Work request:
Everything in the listing should be copied exactly, save for the pictures.

Source data:
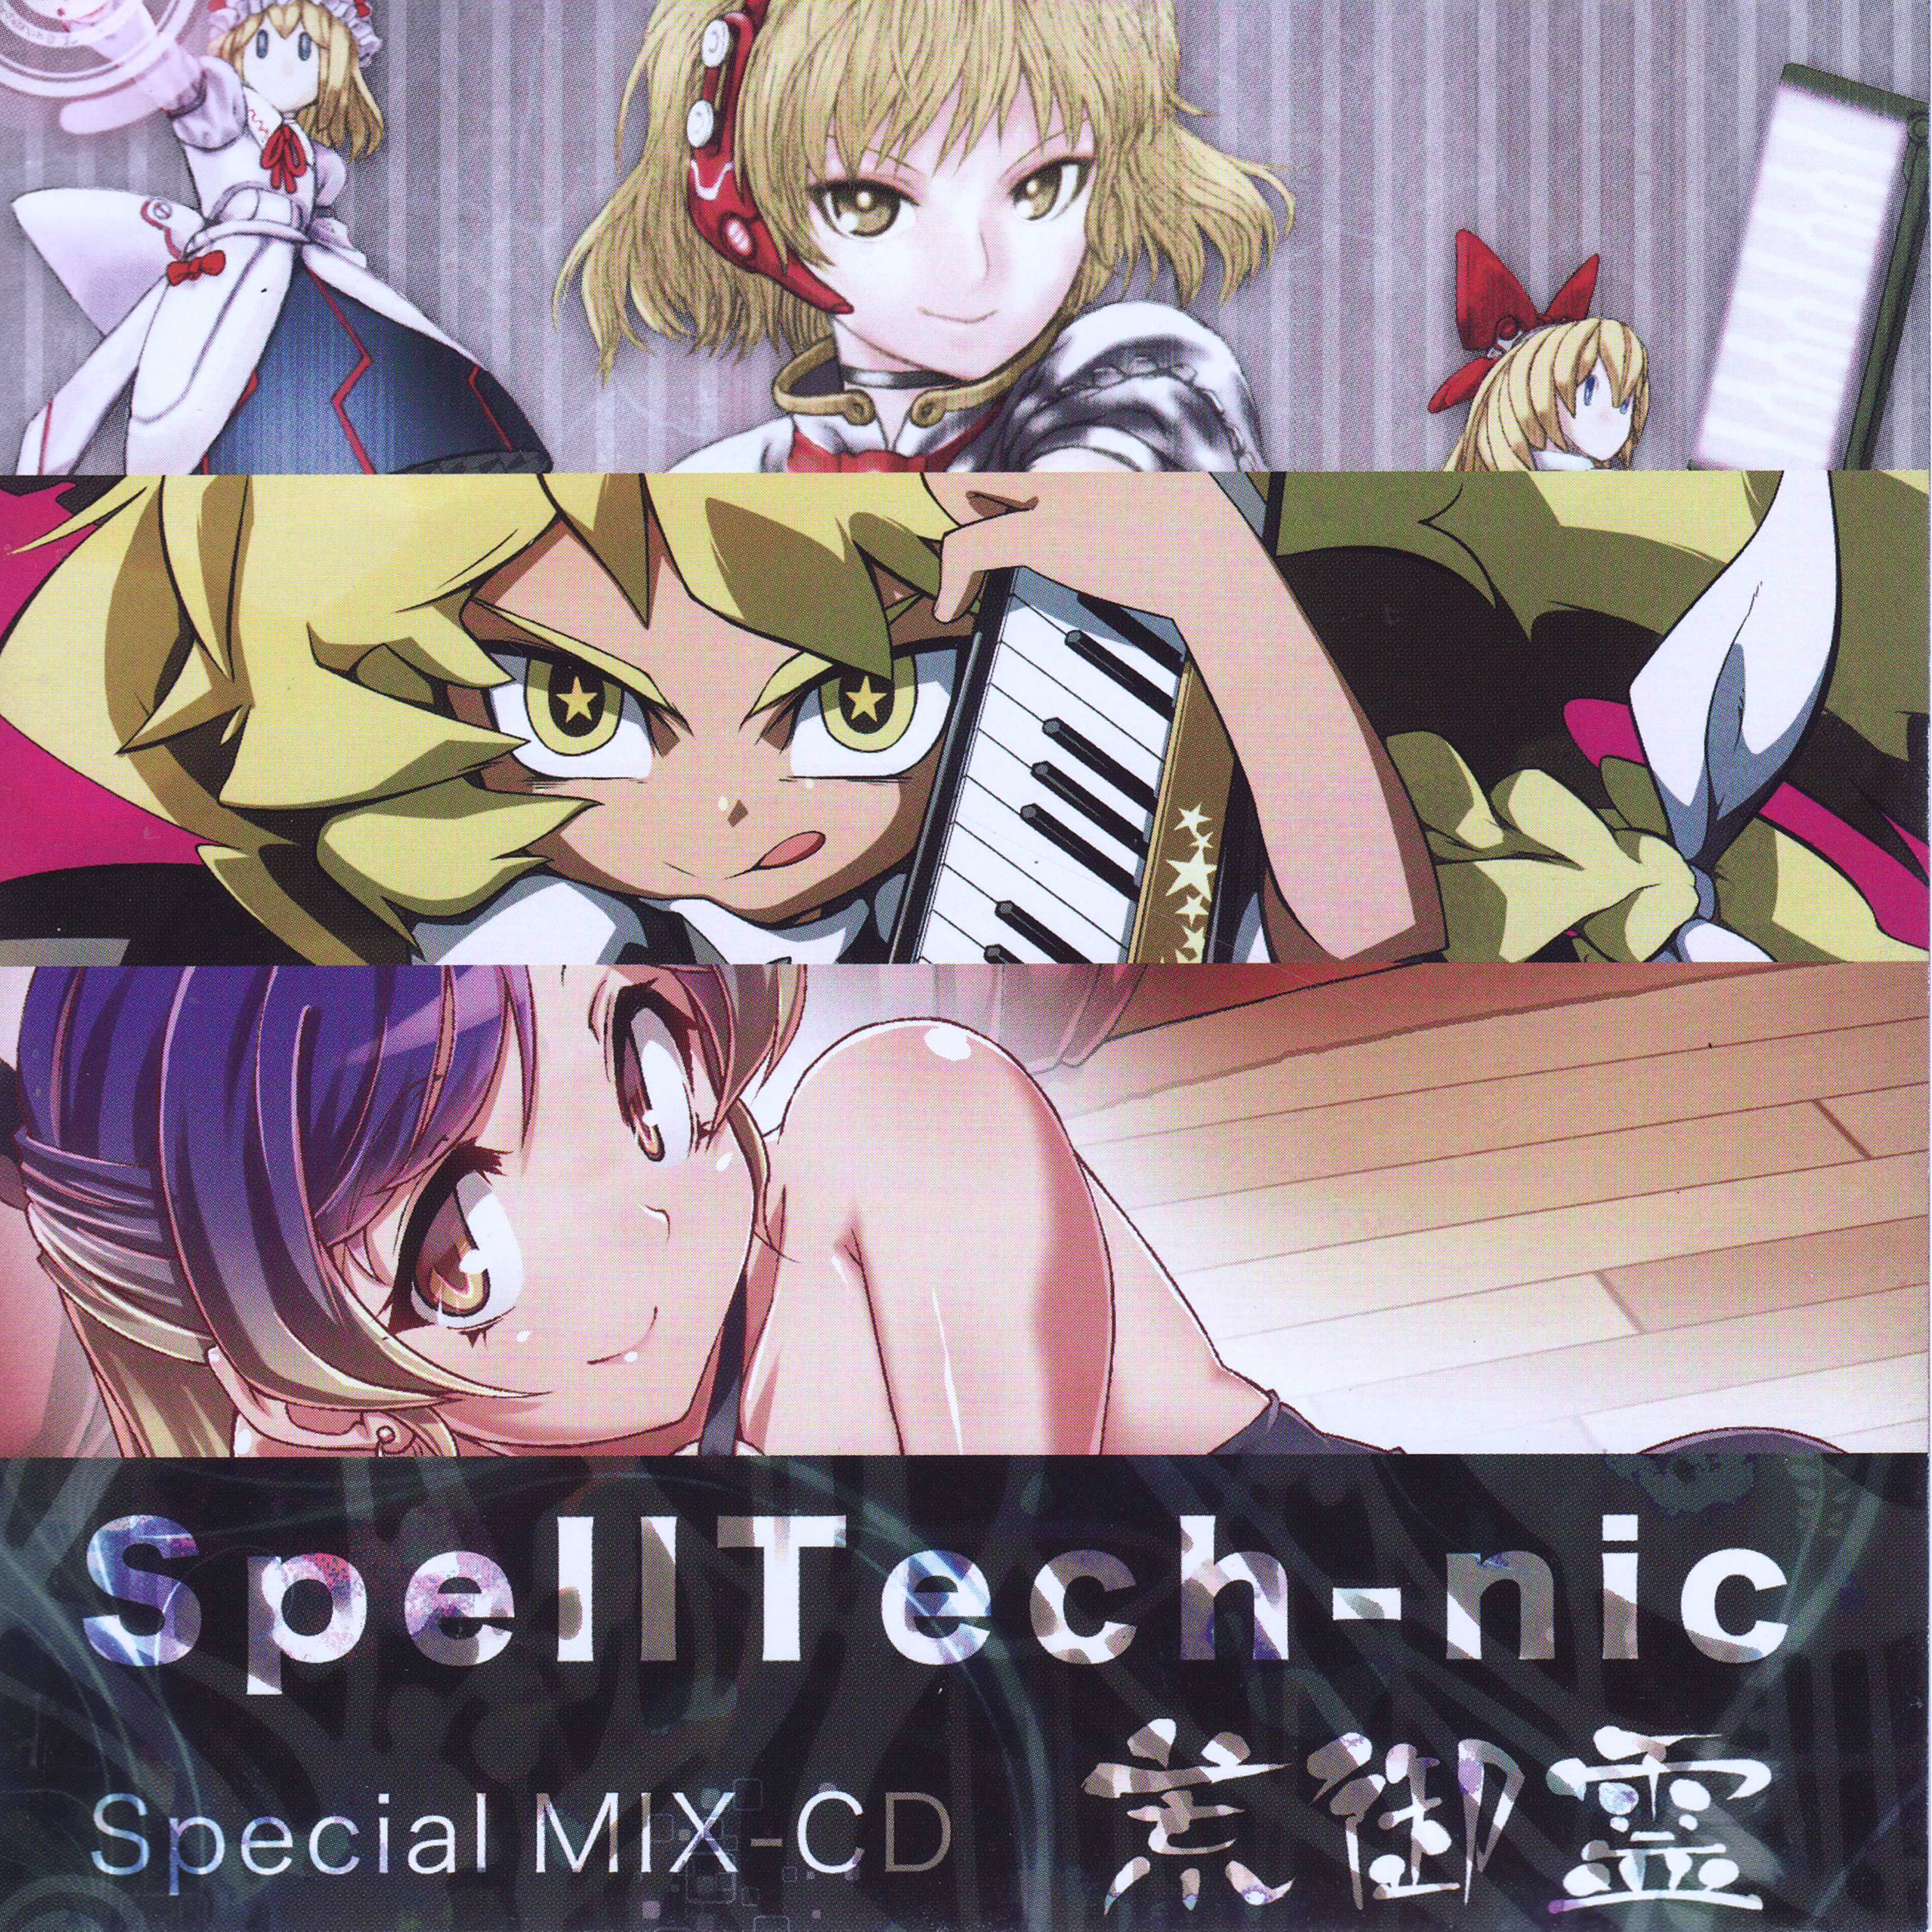 SpellTech-nic Special MIX-CD
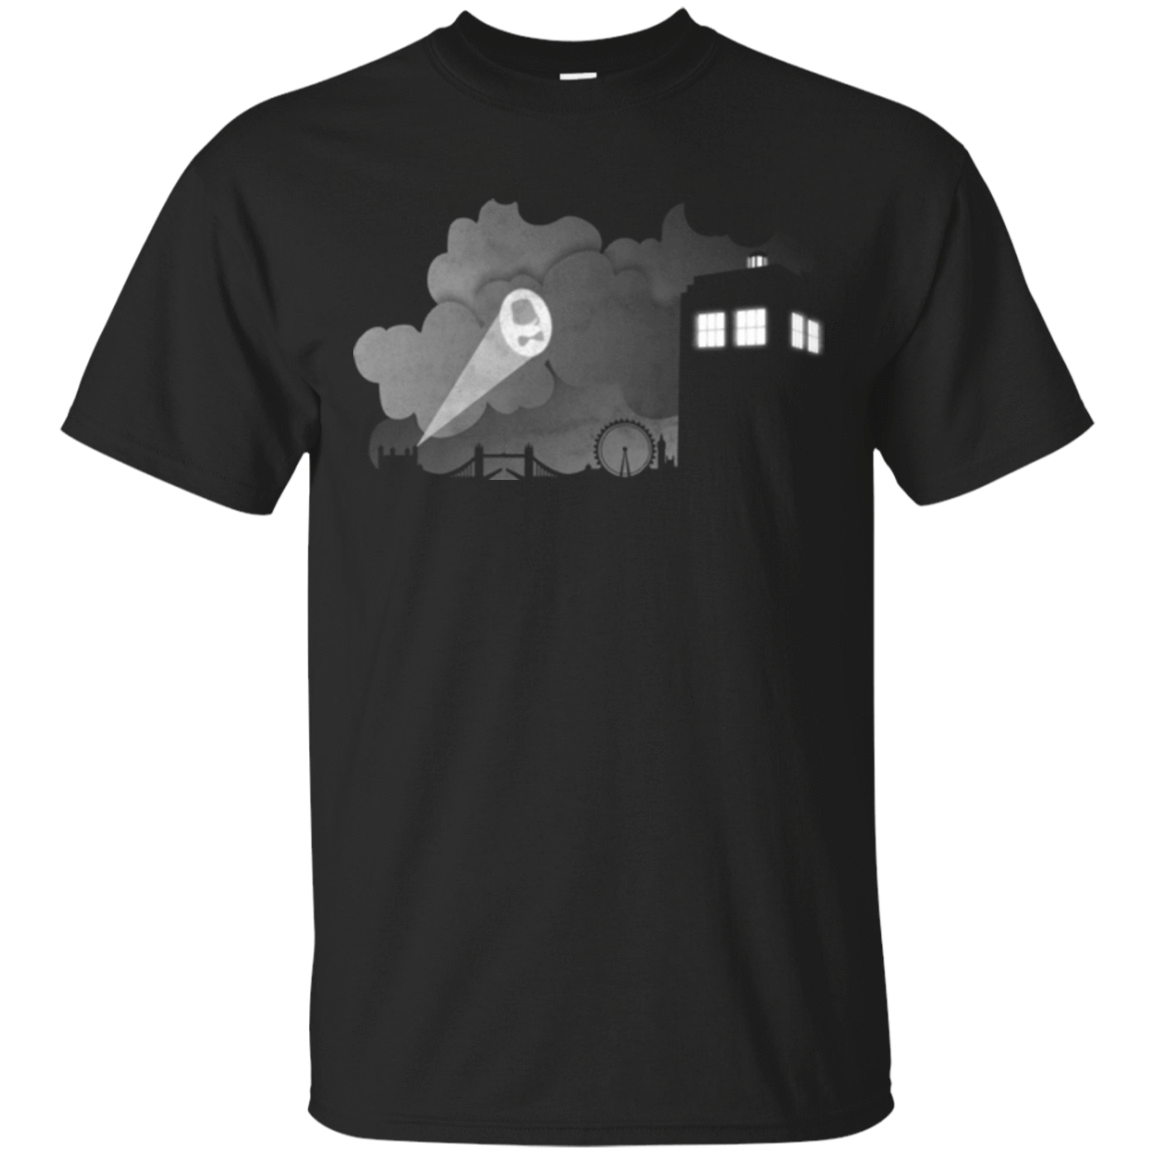 T-Shirts Black / Small Bat Tardis T-Shirt
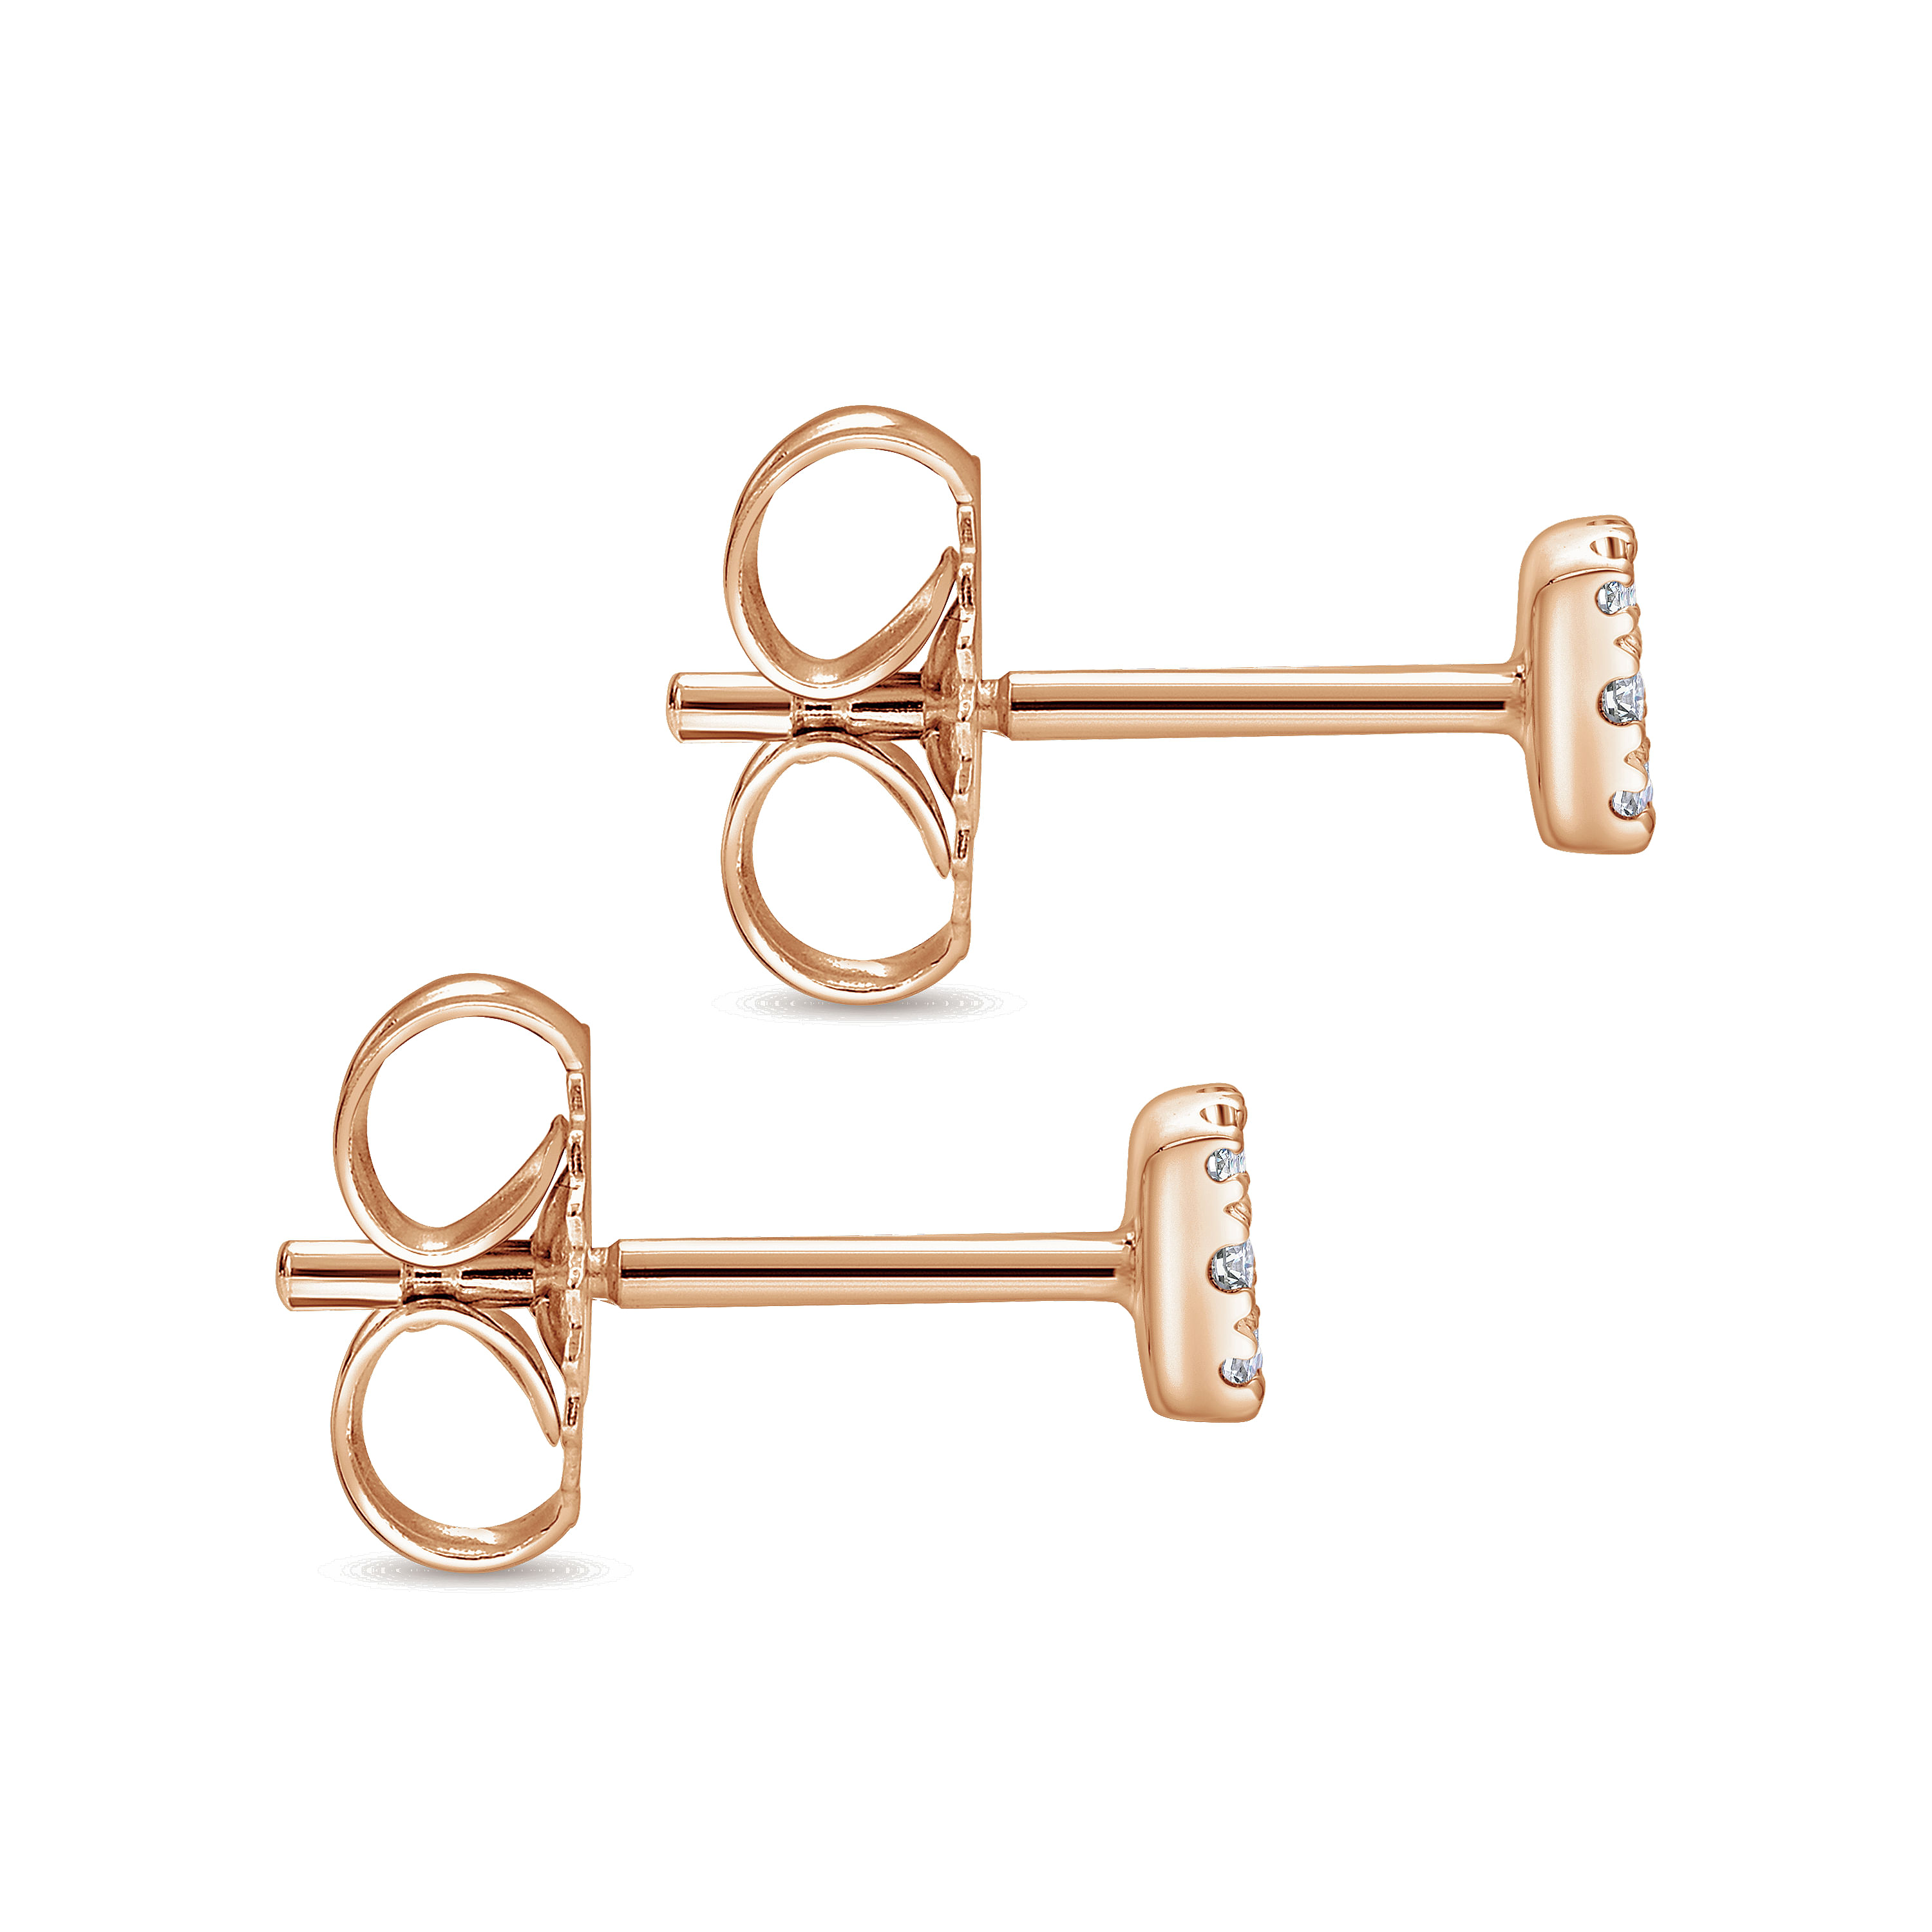 14K Rose Gold Pavé Diamond Cushion Cut Stud Earrings

Final answer:
 SpellTech-nic Special MIX-CD
 T-Shirts Black / Small Bat Tardis T-Shirt
 14K Rose Gold Pavé Diamond Cushion Cut Stud Earrings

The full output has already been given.